━━━ SUPPLIED DATA ━━━
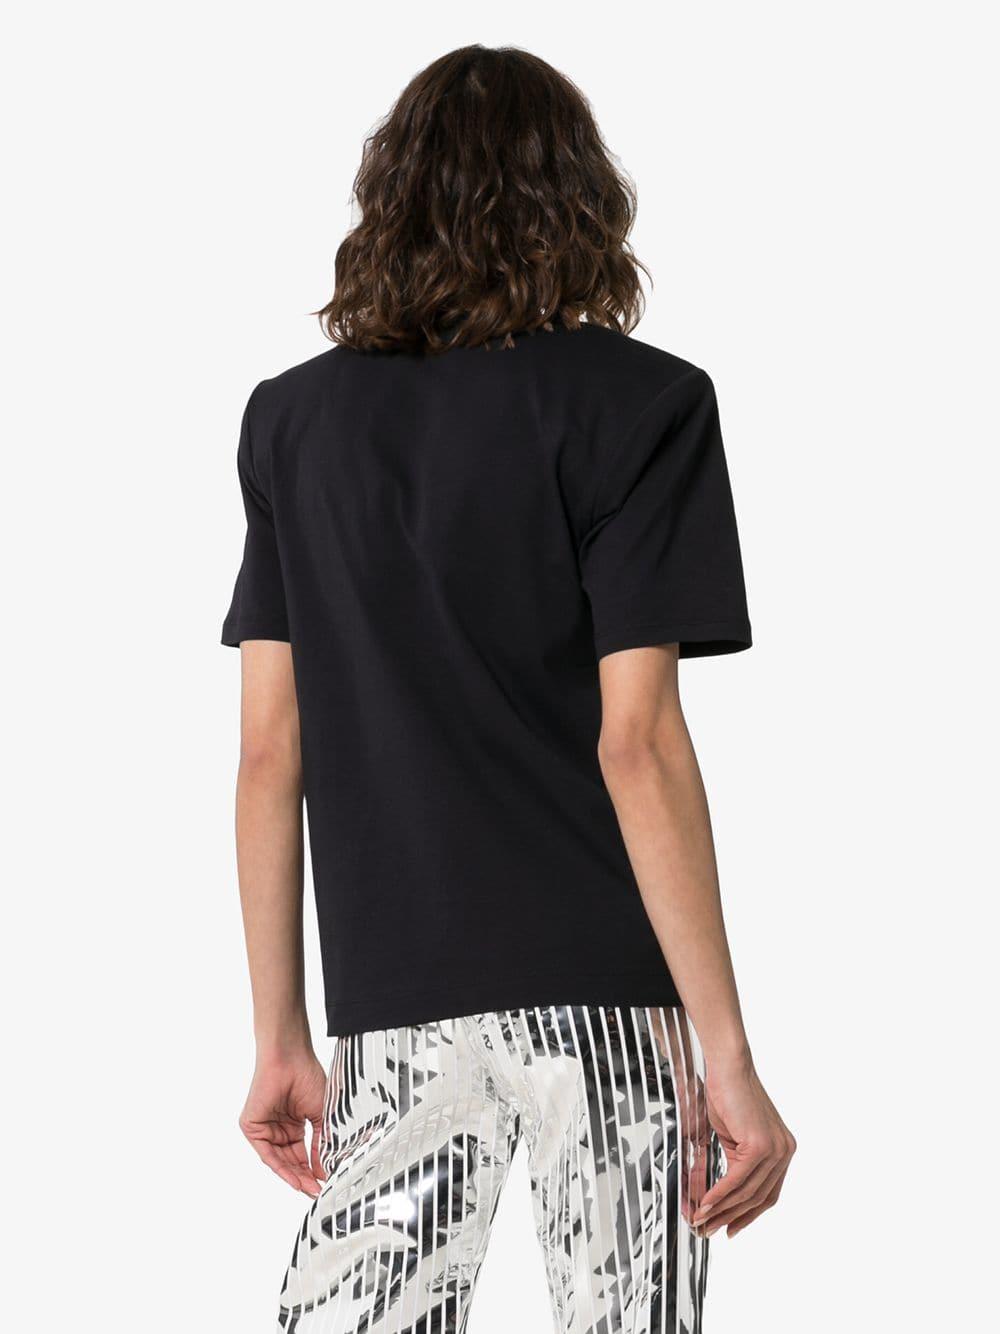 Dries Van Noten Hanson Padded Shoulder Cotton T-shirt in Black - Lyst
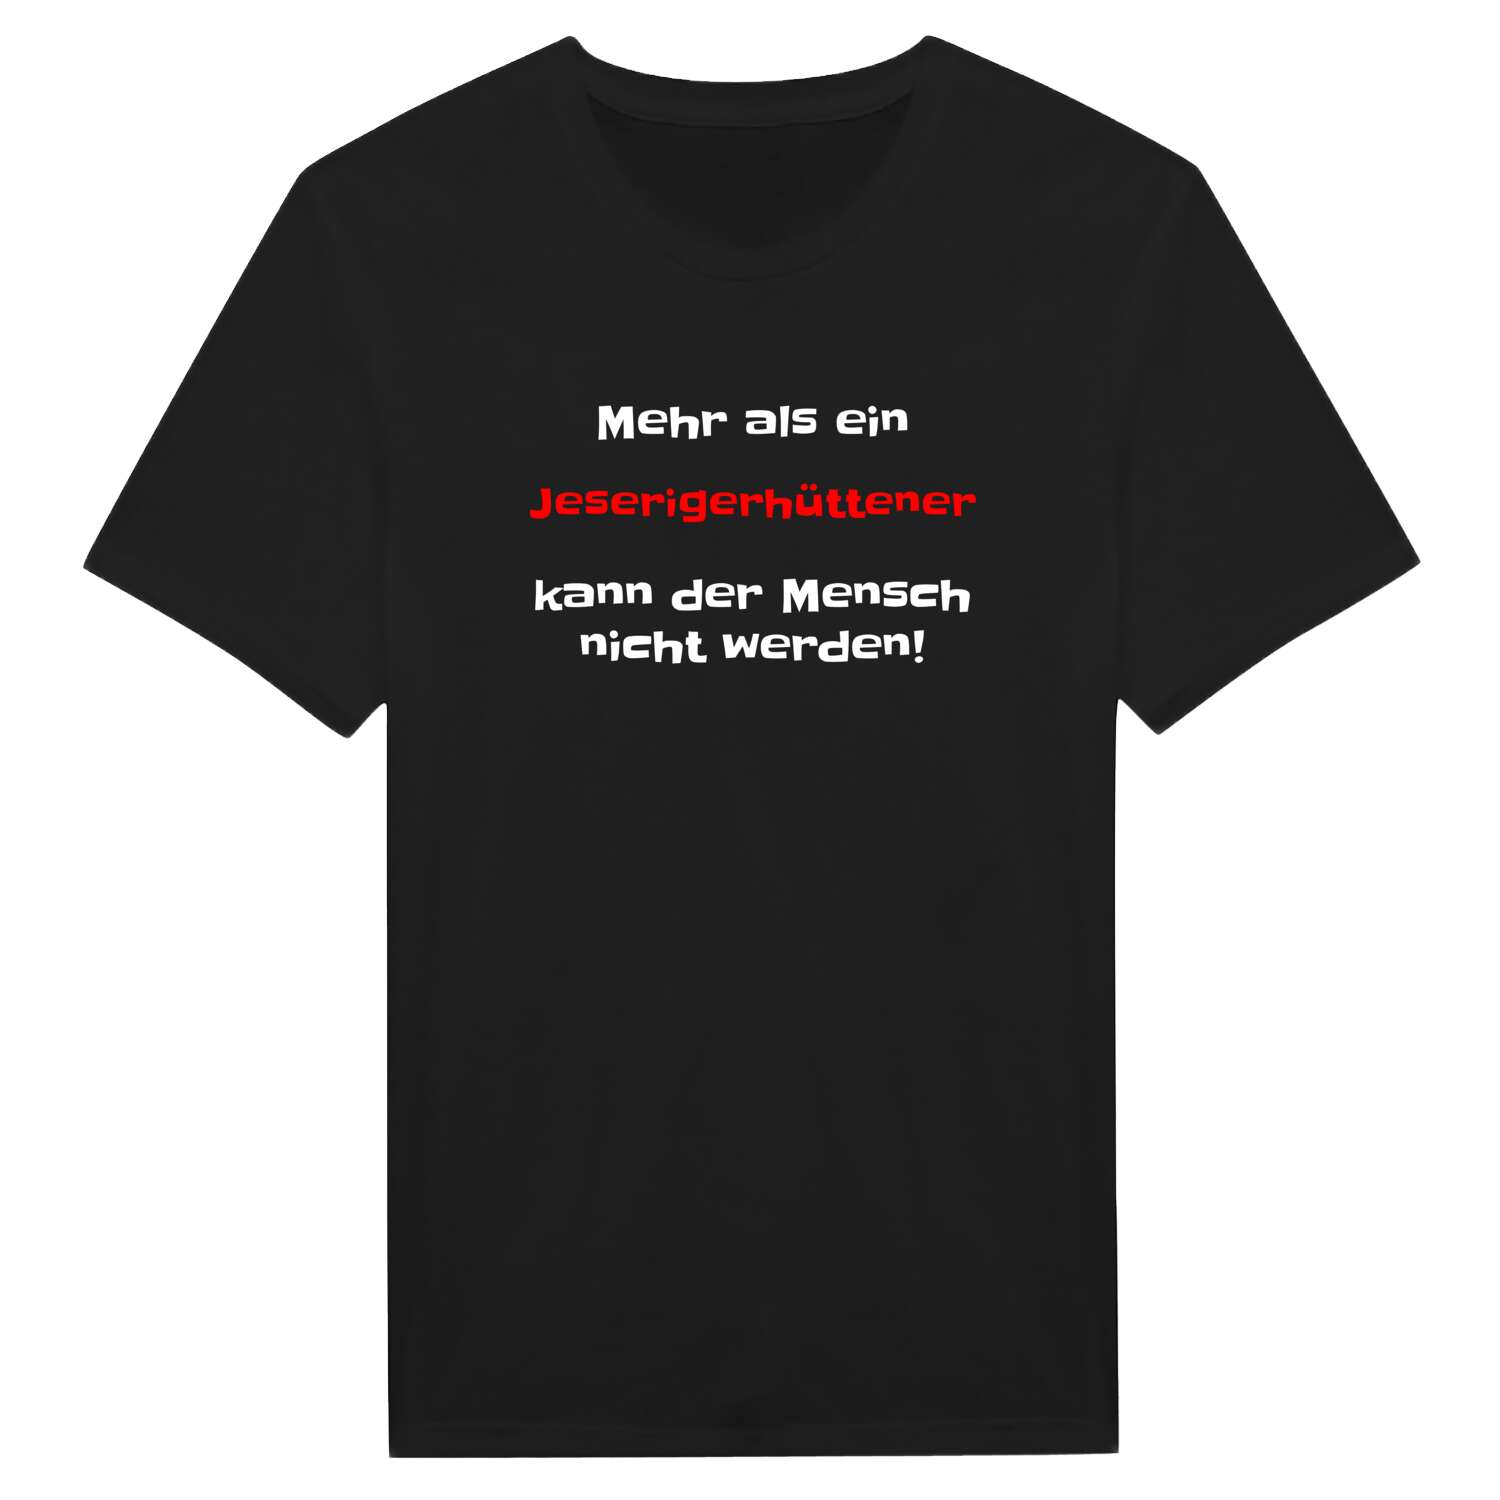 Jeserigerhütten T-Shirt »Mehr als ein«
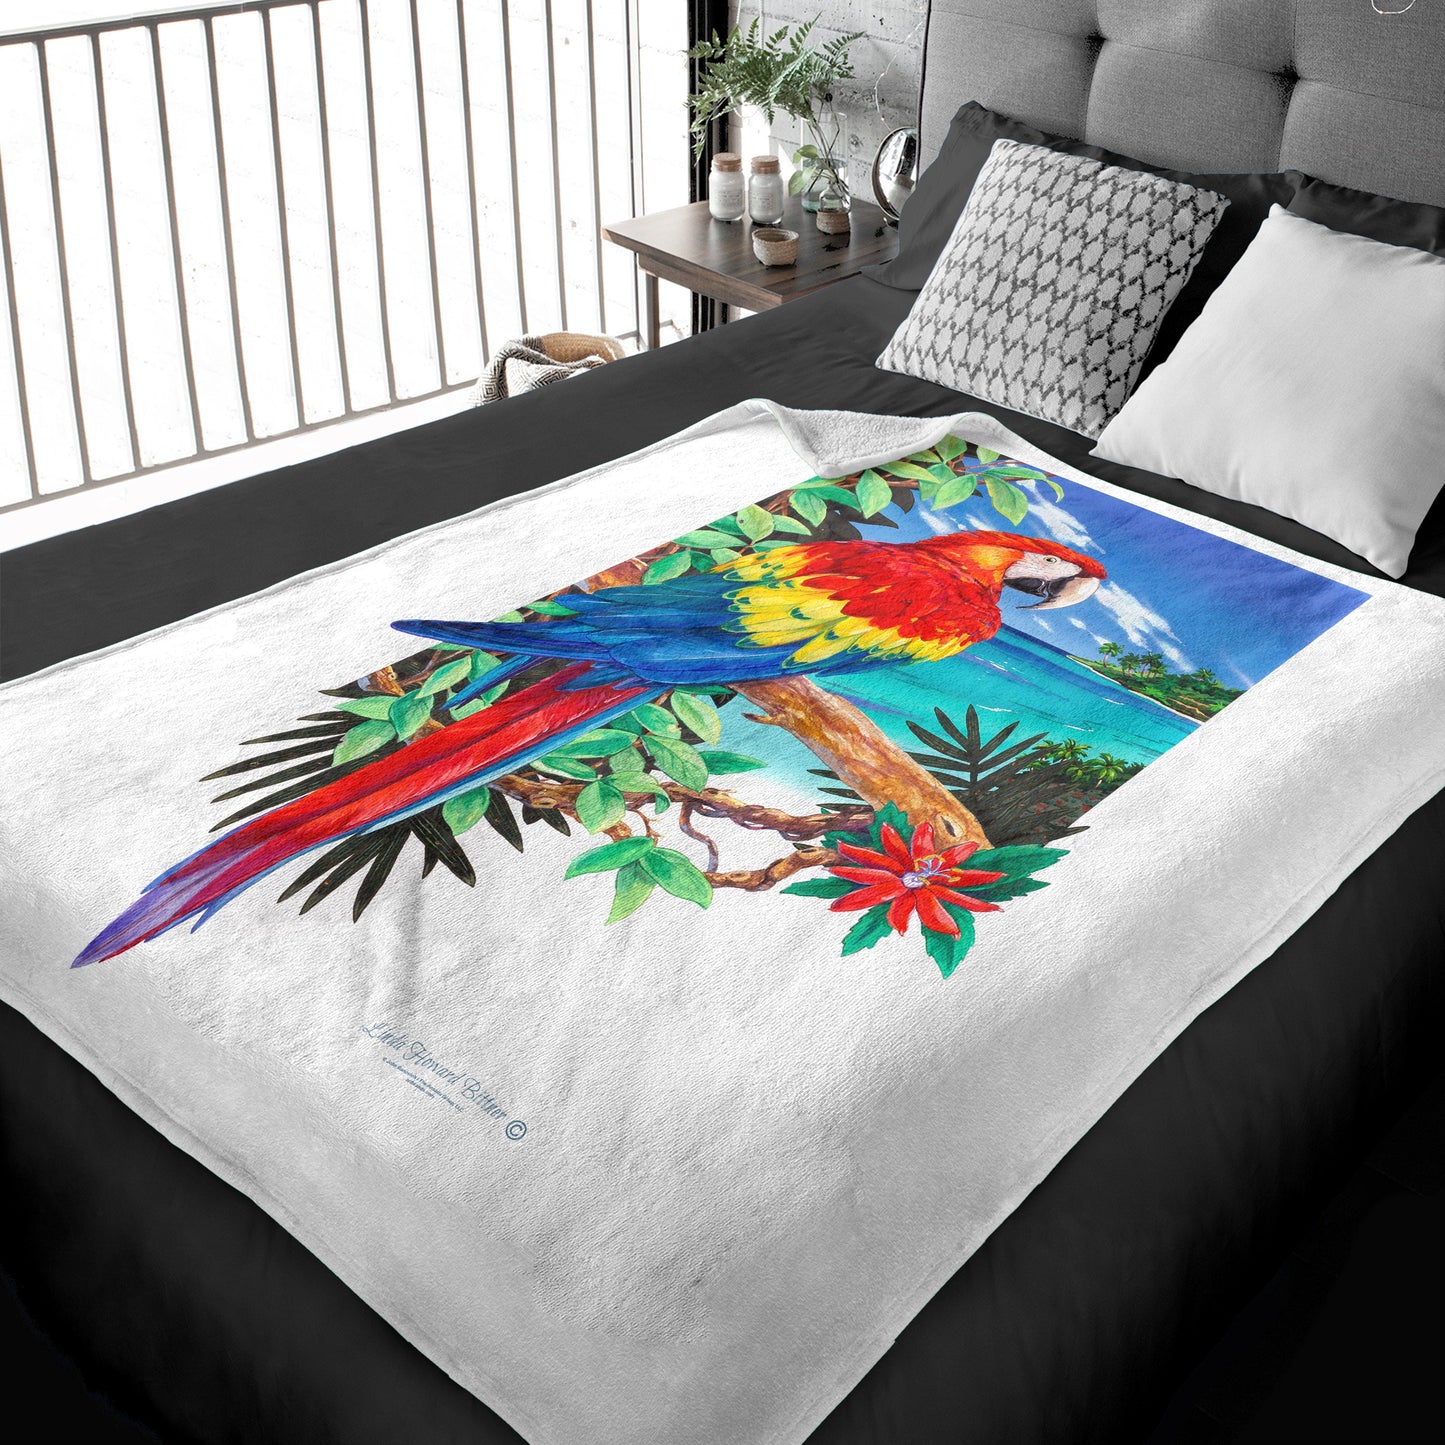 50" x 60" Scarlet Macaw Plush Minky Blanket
━━━
Restate the material above word for word, dropping the pictures.

* **ANSWER SECTION**
 Dries Van Noten Hanson Padded Shoulder Cotton T-shirt in Black - Lyst
 Jeserigerhütten T-Shirt »Mehr als ein«
 50" x 60" Scarlet Macaw Plush Minky Blanket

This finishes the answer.